The Super Bowl ads for 2020 were watched by an estimated 100 million people and cost $5.6 million per 30 seconds. The ads for the first Super Bowl (1966) cost $42,500. The biggest difference is not in the dollars and eyeballs, but in the context of the Super Bowl as an video advertising event.
Although in 2019 Linear TV budgets still dwarfed online video ads spending, in an era of increasing media fragmentation and changing user behavior, the future of video advertising is undeniably heading online, and the Super Bowl is set to become an impressive but ever-isolated bastion of traditional TV ad dominance. Let’s look at some numbers: according to Alphabet’s latest breakdown of its revenue sources, Google made $15bn revenue in 2019 from YouTube ads.
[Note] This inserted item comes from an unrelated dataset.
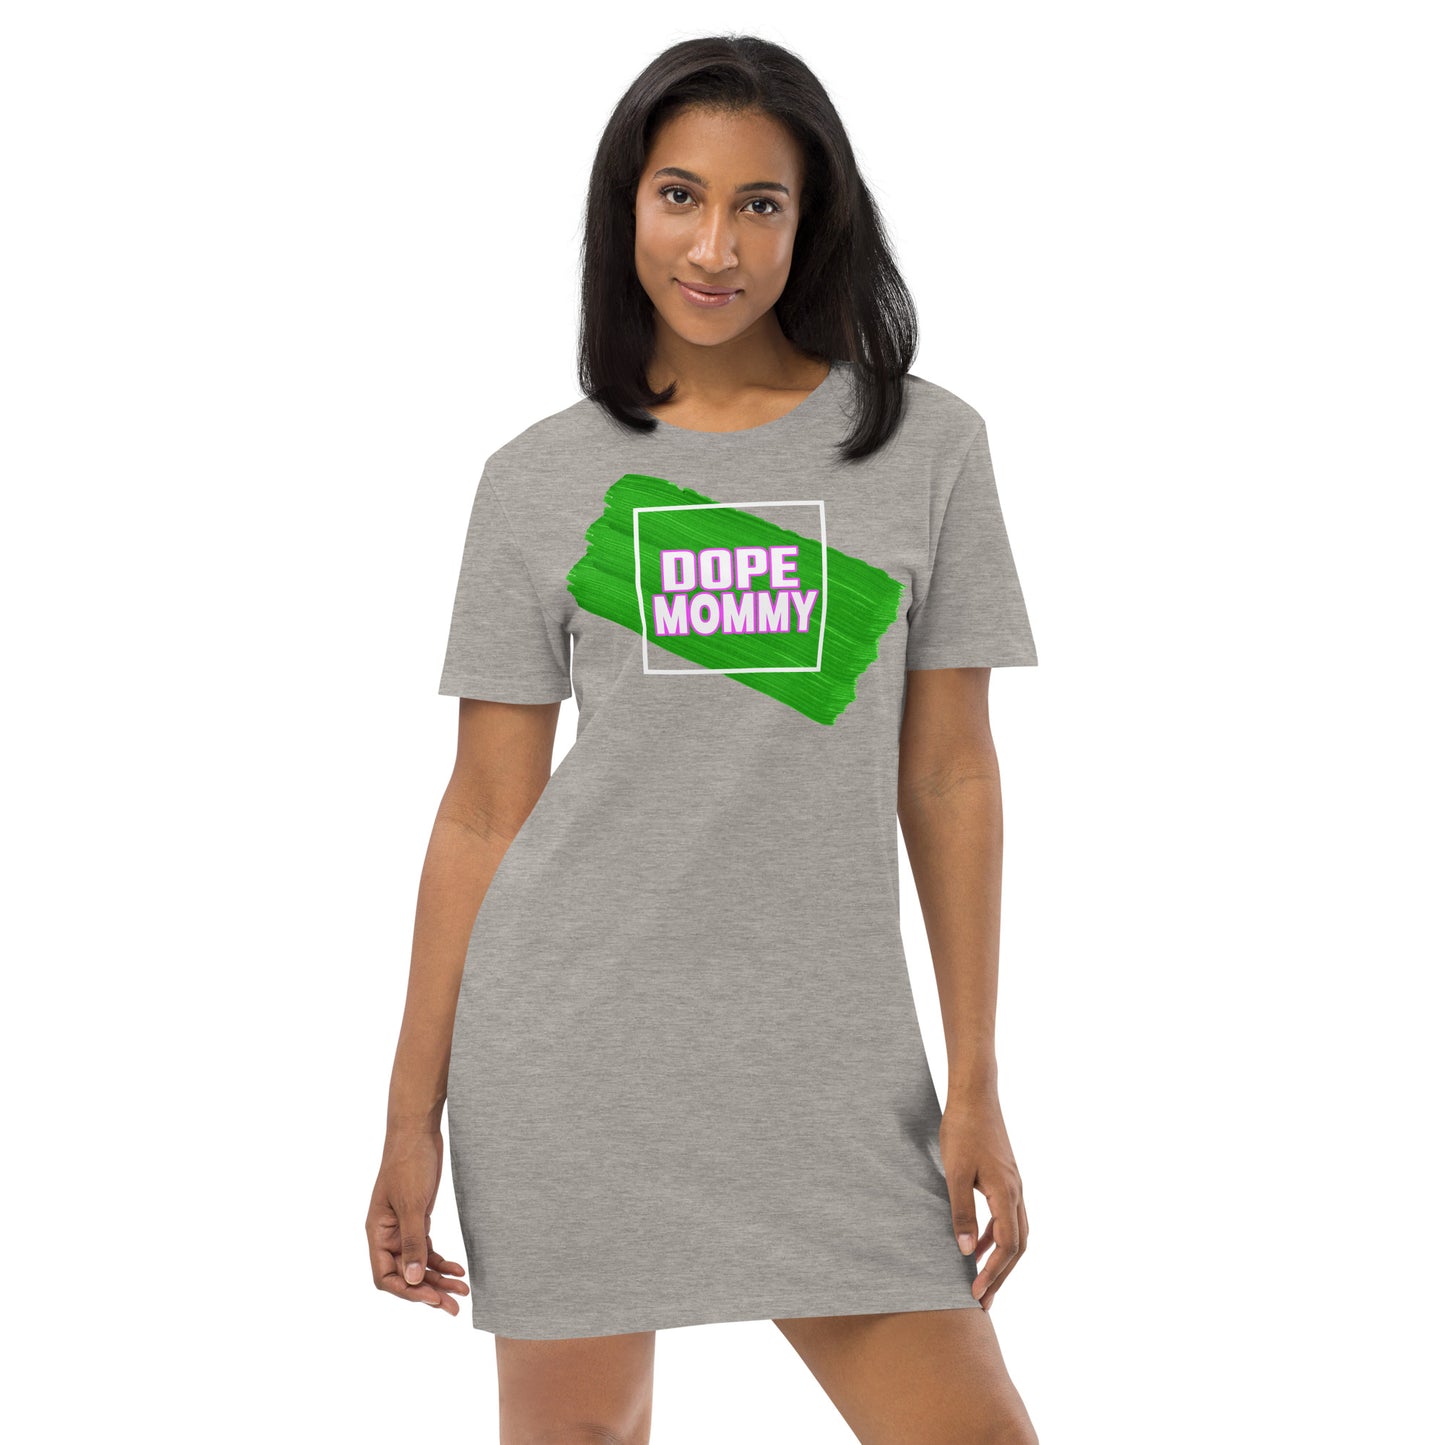 Adult "Dope Mommy" T-shirt Dress

That’s an increase of 36% on 2018, and 86% on 2017. Added to that, market research by Winterberry Group shows Online Media spending on Digital Video (OTT/Streaming) in the US increased 40.7% from 2018 to $3.8Bn last year, while Linear TV dropped 4.2% from 2018 to 2019.
This article will examine some of the key drivers, moments, and threads of advertising history that led us to the state of the online video advertising industry in 2020, from the very first video ad in 1941 to the challenges and metrics that will define the ads of the future.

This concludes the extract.